In a strange experiment that involved dropping a quantum gas and switching a magnetic field on and off to bring its atoms to an almost complete standstill. German physicist achieved the temperature of 38 trillionths of a degree above -273.15 Celsius by dropping magnetized gas 393 feet (120 meters) down a tower.

It is to be noted however that the experiment only managed to achieve this record-breaking temperature for up to 2-seconds. Although simulations showed that it should be possible to maintain this coldest of coldest temperature for up to 17 seconds in a weightless environment, such as onboard the ISS or a satellite.

Researchers was investigating the quantum properties of a so-called fifth state of matter: Bose-Einstein condensate (BEC), a derivative of gas that exists only under ultra-cold conditions. While in the BEC phase, matter itself begins to behave like one large atom, making it an especially appealing subject for quantum physicists who are interested in the mechanics of subatomic particles.

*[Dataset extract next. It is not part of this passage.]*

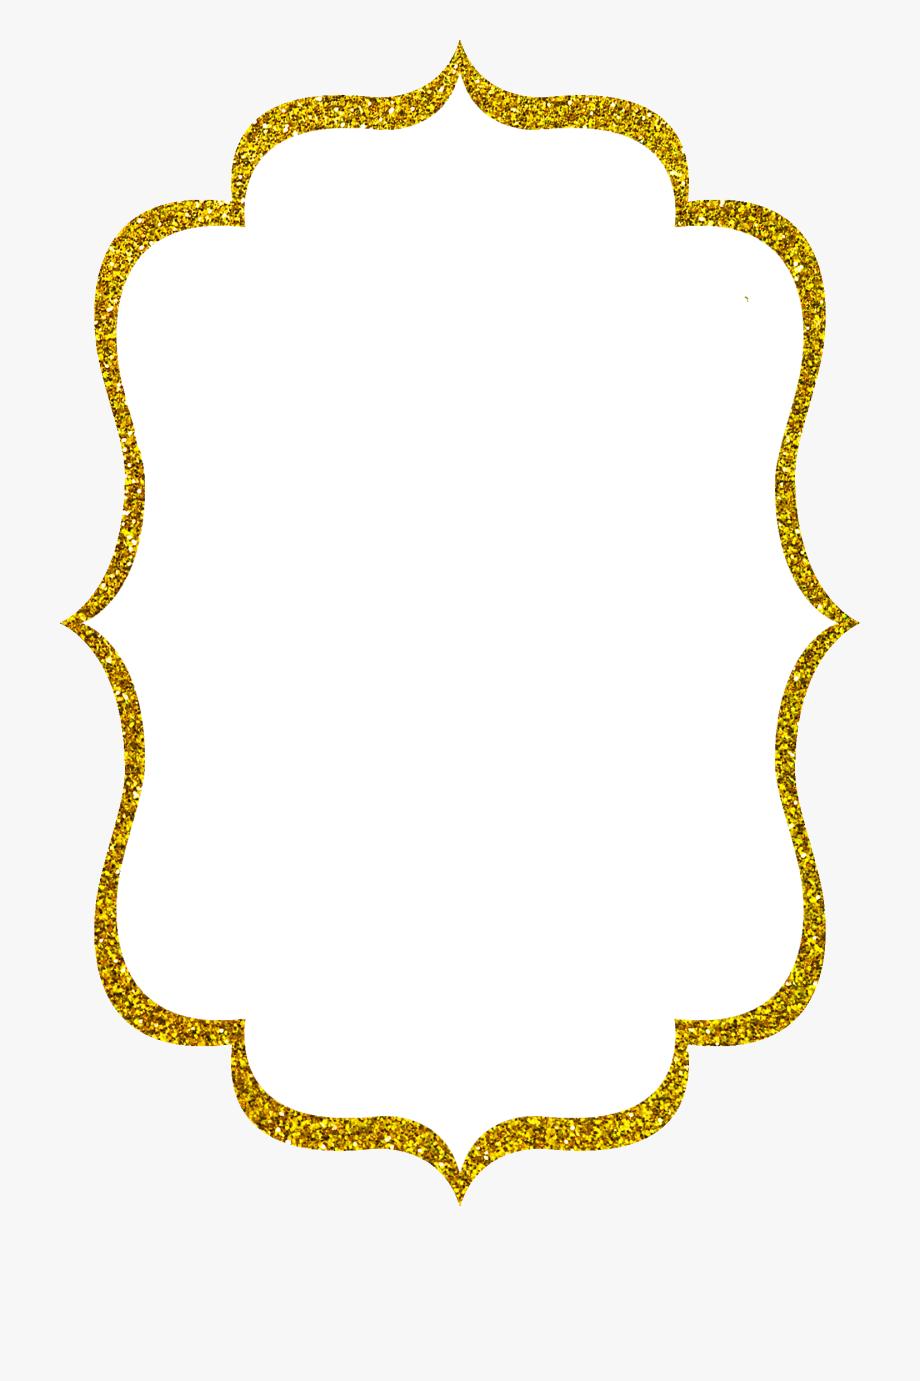 Clip Royalty Free Stock Gold Glitter Border Clipart.

As per scientific definition 'Temperature' is a measure of molecular vibration – the more a collection of molecules moves, the higher the collective temperature.

In this record-breaking experiment, scientists trapped a cloud of around 100,000 gaseous rubidium atoms in a magnetic field inside a vacuum chamber. Then, they cooled the chamber way down, to around 2 billionths of a degree Celsius above absolute zero, which would have been a world record in itself.

This ultra-cold temperatures achieved is useful in enhancing quantum computers' power as it may help scientists build better quantum computers, says to researchers at MIT.